Jonas Jonasson kann von der Atombombe nicht lassen

Jonas Jonasson: Die Analphabetin, die rechnen konnte
Jonas Jonasson: Die Analphabetin, die rechnen konnte

Eine Analphabetin aus Soweto steht in Jonas Jonassons neuem Roman im Mittelpunkt – und eine südafrikanische Atombombe. Die es ohne Nombeko gar nicht geben würde. Denn sie ist es, die so gut rechnen kann, dass der südafrikanische Ingenieur, der für den Bombenbau verantwortlich ist, trotz der Unmengen Schnaps, die er säuft, seinen Job erledigt. Jonas Jonasson hat auch in seinem zweiten Roman wieder eine Hauptfigur erfunden, die einen ungläubig den Kopf schütteln lässt – und die man dennoch aufgeregt und mitfühlend durch ihr turbulentes Leben mit der Bombe begleitet.

Wie schon im „Hunderjährigen, der aus dem Fenster stieg“ dient dem Schweden die Weltgeschichte als  Hintergrund für seinen Schelmenroman über die große Politik und das Leben der von ihr betroffenen Menschen. Und wieder solidarisiert sich der Leser sofort mit diesen Menschen, die unglaubliches erleben und dabei irgendwie nichts weniger tun, als die Welt zu retten. Erstaunlich, dass dieser zweite Roman nach dem gleichen Muster noch einmal so gut funktioniert.

Das liegt vor allem an der schlauen Nombeko, die als Latrinengehilfin im Hometown Soweto bei Johannesburg beginnt. Und sich dank ihrers Willens gegen die sexuelle Belästigung durch einen alten Mann durchsetzt und daraus das beste macht: nämlich lesen zu lernen und nebenbei ein Vermögen quasi zu erben. Die Apartheid Südafrikas führt dazu, dass sie dem Ingenieur als Haushaltshilfe zugesprochen wird. Und so beginnt sie ihre Rechenkünste zu nutze, um ihm immer dann zu helfen, wenn es ihr hilfe. Am Ende kommt dann dabei die Atombombe heraus. In einem System, in dem es keine Gerechtigkiet gibt, kann ja auch nichts anderes als etwas Böses entstehen.

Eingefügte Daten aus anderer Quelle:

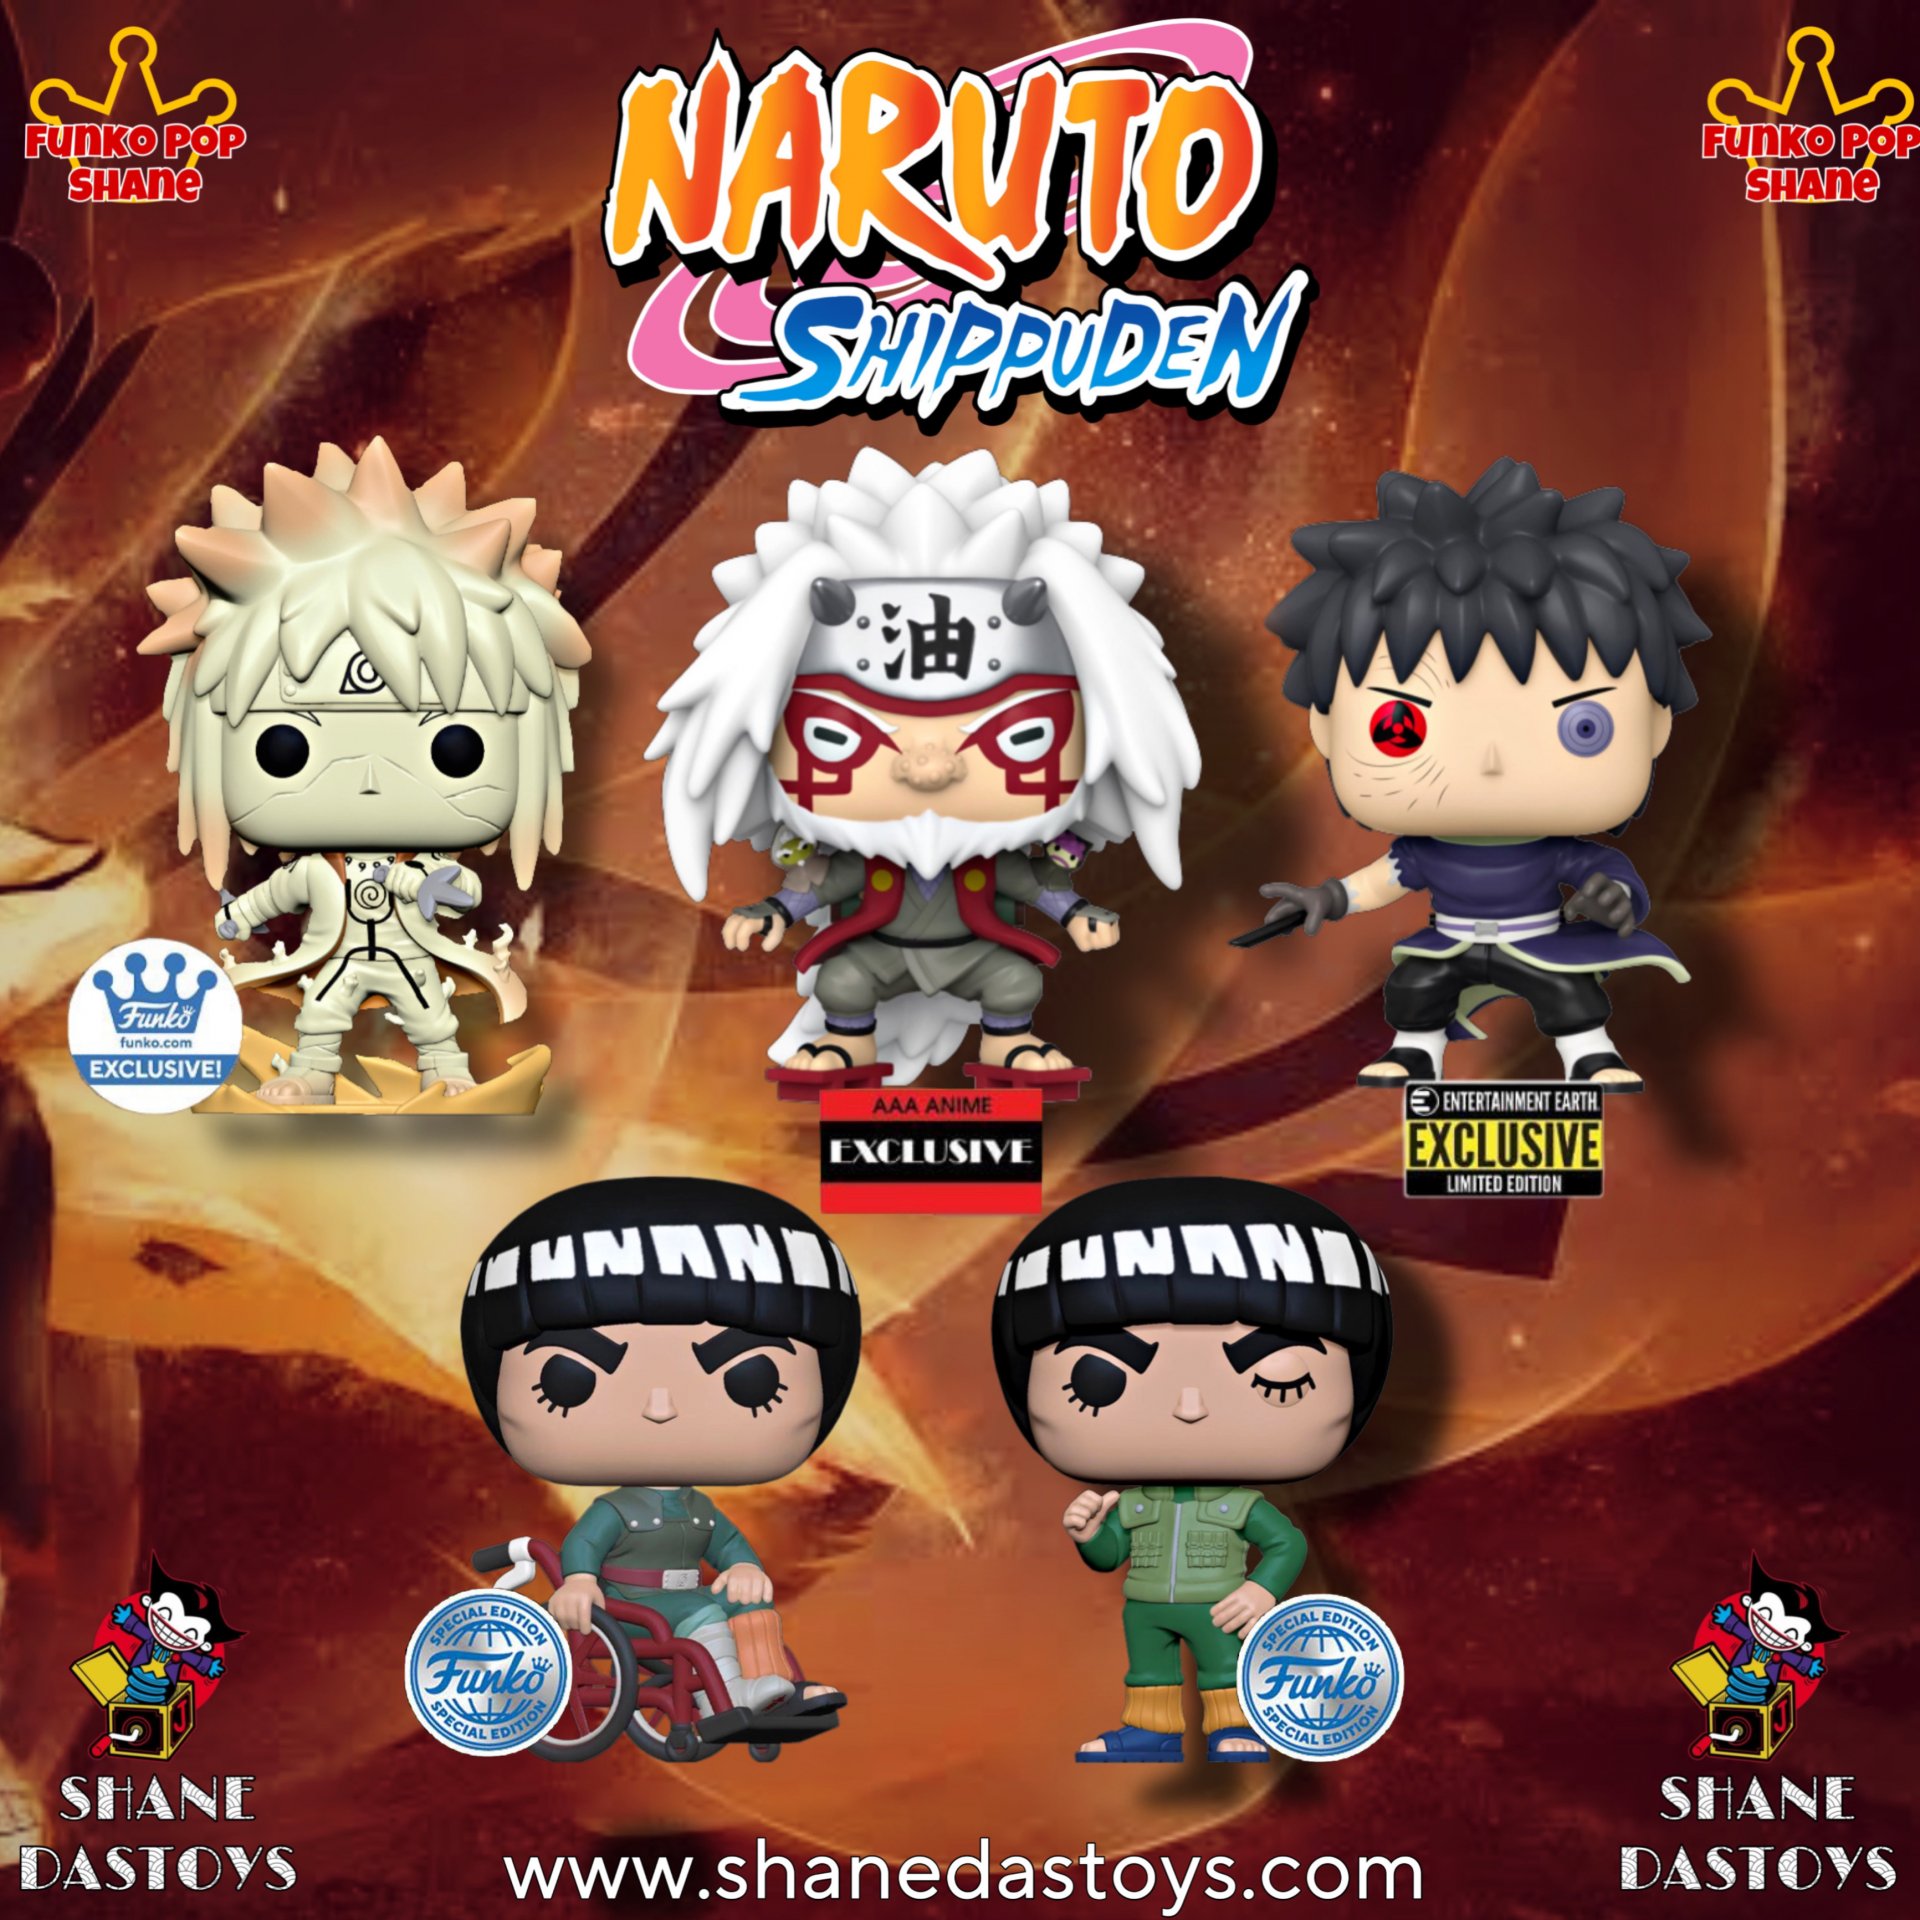 Funko Pop! ANIMATION : Naruto Shippuden

Nombekos Flucht nach Schweden, die Verwechslung von Paketen und damit die Zustellung einer versehntlich zusätzlich hergstellten Atombome und der Jahrzehnte lange Versuch, das Ding loszuwerden, sind wirklich köstlich. Wobei der Schwede Jonasson diesmal sein Heimatland und die Monarchie ganz besonders in den Blick nimmt. Aber selbst, wenn man sich mit den schwedischen Verhältnissen nicht so gut auskennt, macht das Buch viel Spaß. Denn Jonasson hat die seltene Gabe mit viel Liebe auf die Menschen zu blicken und deren Wesen so zu abstrahieren, dass es immer exemplarisch wird. Die wohl kalkulierte Naivität, mit der er  erzählt, sorgt immer wieder für neue unglaubliche Wendungen der Geschichte, wobei diese nie vollends unglaubwürdig werden. Sondern immer erhellend dank der Komik, die Nombeko und ihre Freunde und Gegner erzeugen.

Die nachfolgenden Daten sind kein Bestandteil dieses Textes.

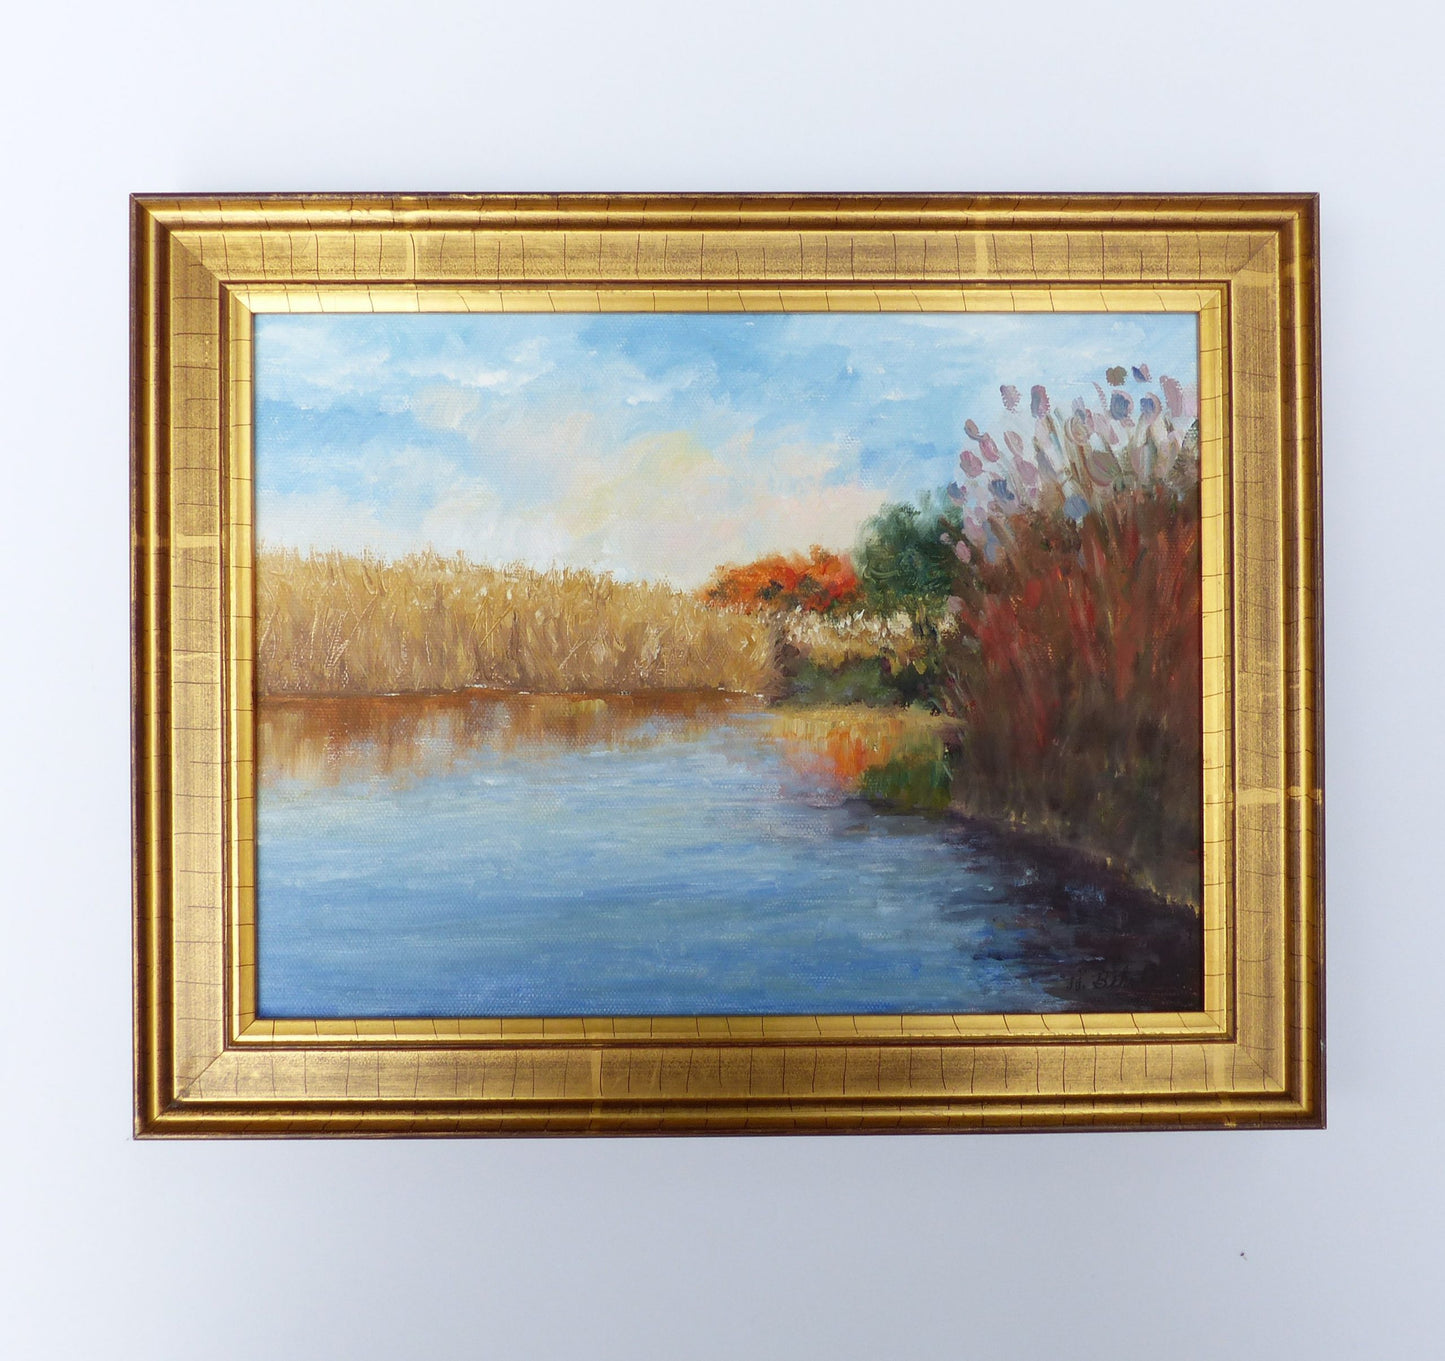 Painting in Acrylics “Salt Water Marsh” by William Behrle

Ingo Schulzes Adam und Evelyn ist ach aus Hörbuch fein

Ingo Schulze: Adam und Evelyn
Ingo Schulze: Adam und Evelyn

Die Flucht über Ungarn und die Ankunft in der Bundesrepublik stehen im Mittelpunkt des Buches „Adam und Evelyn“ von Ingo Schulze. Matthias Brandt hat den Roman für die große Hörfunkfassung gelesen.

Schulze erzählt eine neue Version der Geschichte von Adam und Eva. Die heißt hier Evelyn und verführt den Damenschneider Adam mit der Freiheit. Die Erkenntnis
der Vielfalt wirft den netten Menschen Adam aus der Bahn. Natürlich spielen die Verwirrungen der Liebe auch eine wichtige Rolle.

Ingo Schulze schafft es, ein präzises und packendes Zeitbild aus der Wendezeit zu zeichnen. Matthias Brandt liest das alles sehr exakt, nur bei den Frauenstimmen manchmal etwas zu affektiert.

Ingo Schulze: ADAM UND EVELYN. 7 CDS GELESEN VON MATTHIAS BRANDT. HÖRVERLAG, 30 EURO

 

Yasmina Khadra Lehrstück über eine Sellbstmordattentäterin

Yasmina Khadra: Die Attentäterin
Yasmina Khadra: Die Attentäterin

Was passiert mit einem Mann, dessen Frau sich als Selbstmordattentäterin in die Luft jagt? Der algerische Ex-Offizier Khadra leuchtet das im Roman „Die Attentäterin“ aus. Frank-Erich Hübner hat daraus ein packendes Hörspiel von nur 68 Minuten gemacht.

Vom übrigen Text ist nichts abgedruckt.